What’s next for you as an author?
I’m currently finishing up a ghost story with co-author F.E. Feeley, Jr. and about a third of the way into a novel (possibly another Dreamspun Desires) that takes place on a farm. It’s located outside the town of Springhaven, which features so prominently in “Small Town Sonata.”
Can the trusted town handyman rebuild a broken pianist’s heart?
When a freak accident ends Aiden’s career as a world-renowned classical pianist, he retreats to his New Hampshire hometown, where he finds the boy he liked growing up is even more appealing as a man.
Dean Cooper’s life as handyman to the people of Springhaven might not be glamorous, but he’s well-liked and happy. When Aiden drifts back into town, Dean is surprised to find the bond between them as strong as ever. But Aiden is distraught over the loss of his career and determined to get back on the international stage.
Seventeen years ago Dean made a sacrifice and let Aiden walk away. Now, with their romance rekindling, he knows he’ll have to make the sacrifice all over again. This time it may be more than he can bear.
Jamie Fessenden is an author of gay fiction in many genres. Most involve romance, because he believes everyone deserves to find love, but after that anything goes: contemporary, science fiction, historical, paranormal, mystery, or whatever else strikes his fancy.

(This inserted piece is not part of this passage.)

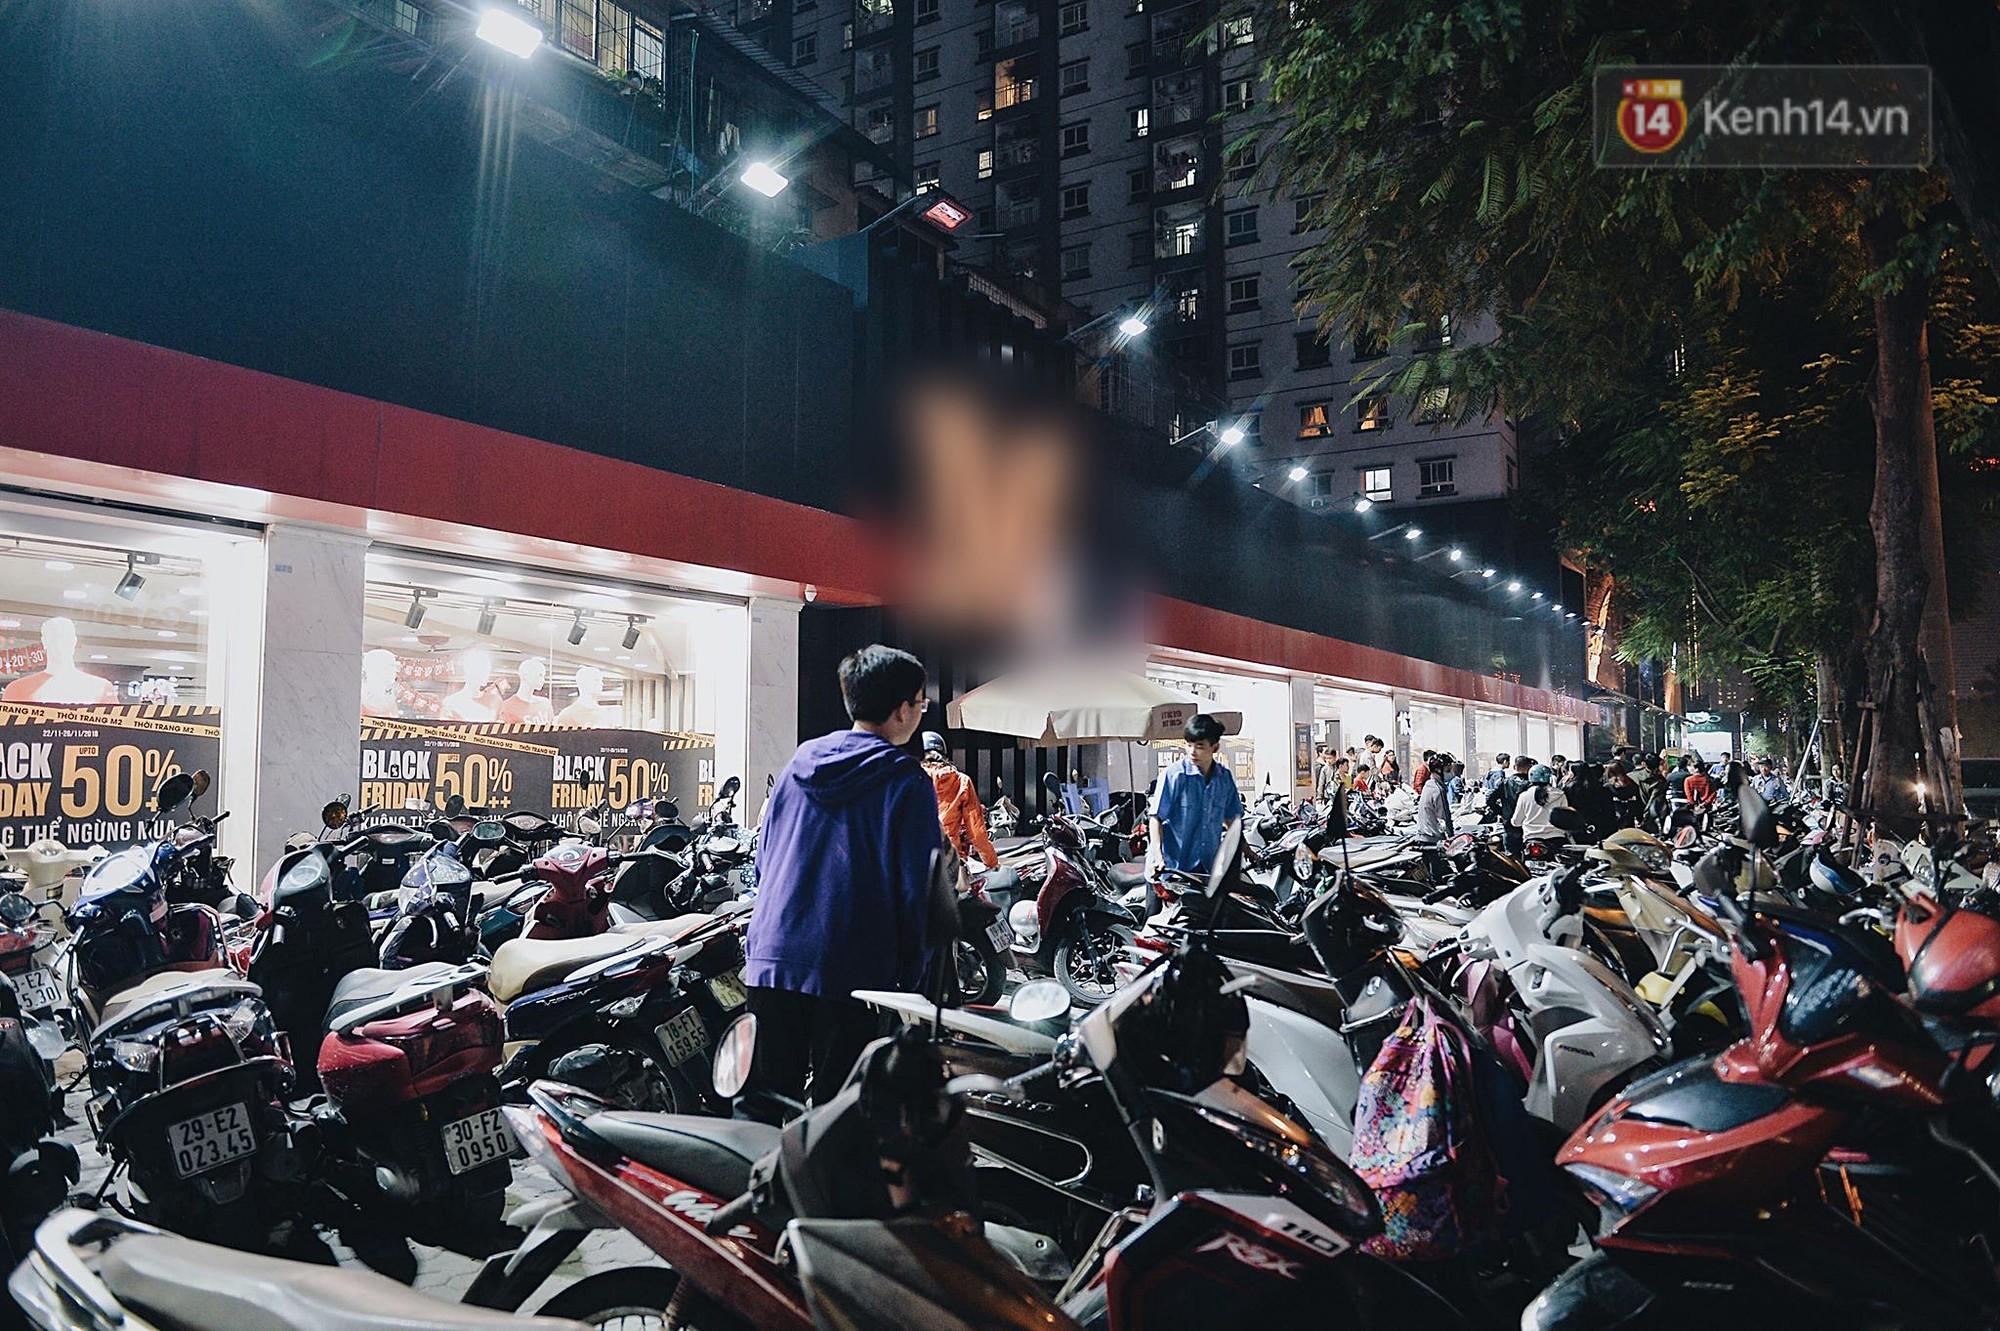 Tối ngày Black Friday ở Hà Nội: Đường phố tắc nghẽn vì bão sale chưa hạ nhiệt - Ảnh 1.

He set out to be a writer in junior high school. He published a couple short pieces in his high school’s literary magazine and had another story place in the top 100 in a national contest, but it wasn’t until he met his partner, Erich, almost twenty years later, that he began writing again in earnest. With Erich alternately inspiring and goading him, Jamie wrote several novels and published his first novella in 2010. That same year, Jamie and Erich married and purchased a house together in the wilds of New Hampshire, where there are no street lights, turkeys and deer wander through their yard, and coyotes serenade them under the stars.